SSH Agent Explained - sourishkrout
https://smallstep.com/blog/ssh-agent-explained/
======
keithwinstein
Thanks for this. Wanted to put in a pitch for Dima Kogan's more-secure way of
doing ssh-agent forwarding: [https://github.com/StanfordSNR/guardian-
agent](https://github.com/StanfordSNR/guardian-agent)

It works with SSH and Mosh. The basic idea is that before agreeing to a
request, the principal or their agent should know (a) what machine is asking,
(b) what remote machine they want to connect to, and (c) what command line
they want to run on the principal's behalf. And the principal's authorization
should then be limited to that context.

The ssh-agent protocol doesn't give the agent _any_ of that information; it's
really just intended for local SSH-like processes to ask "please sign this
blob so I can connect somewhere" without them having to see the plaintext
private key.

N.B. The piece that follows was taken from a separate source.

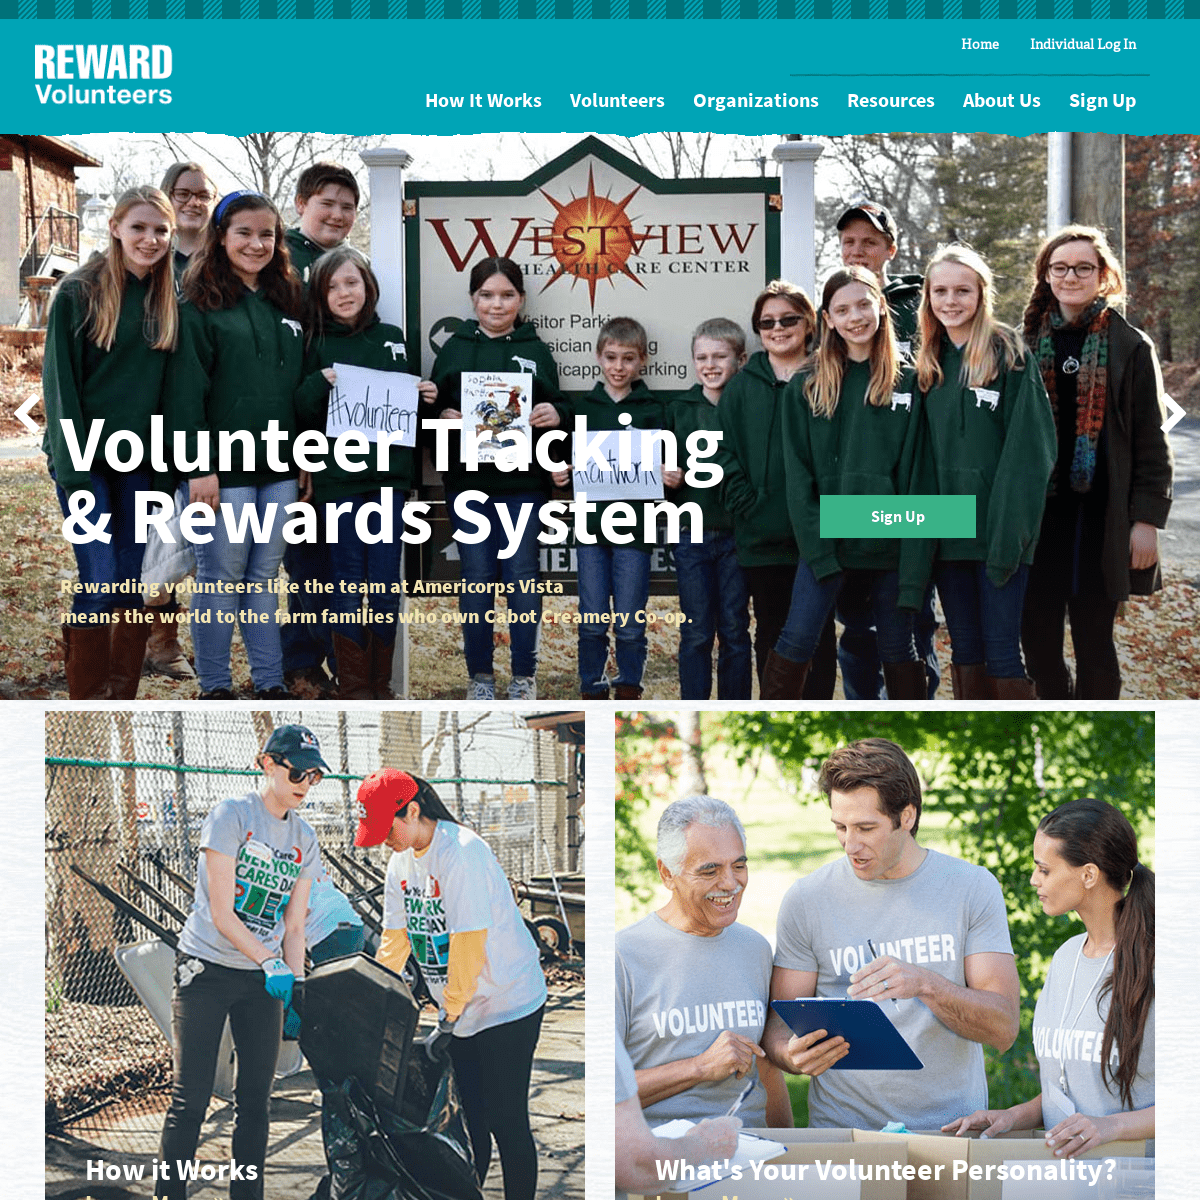 Volunteer Tracking & Rewards System | Reward Volunteers

Forwarding that to untrusted remote machines isn't ideal.

It turns out an agent can get access to this information and limit the scope
of authorization in a mostly[1] backwards-compatible way, which is how
guardian-agent works, but imo it would be preferable if a future version of
the SSH protocol were designed more expressly for secure agent forwarding.

[1] For (c), the remote server has to be OpenSSH because guardian-agent relies
on a nonstandard extension.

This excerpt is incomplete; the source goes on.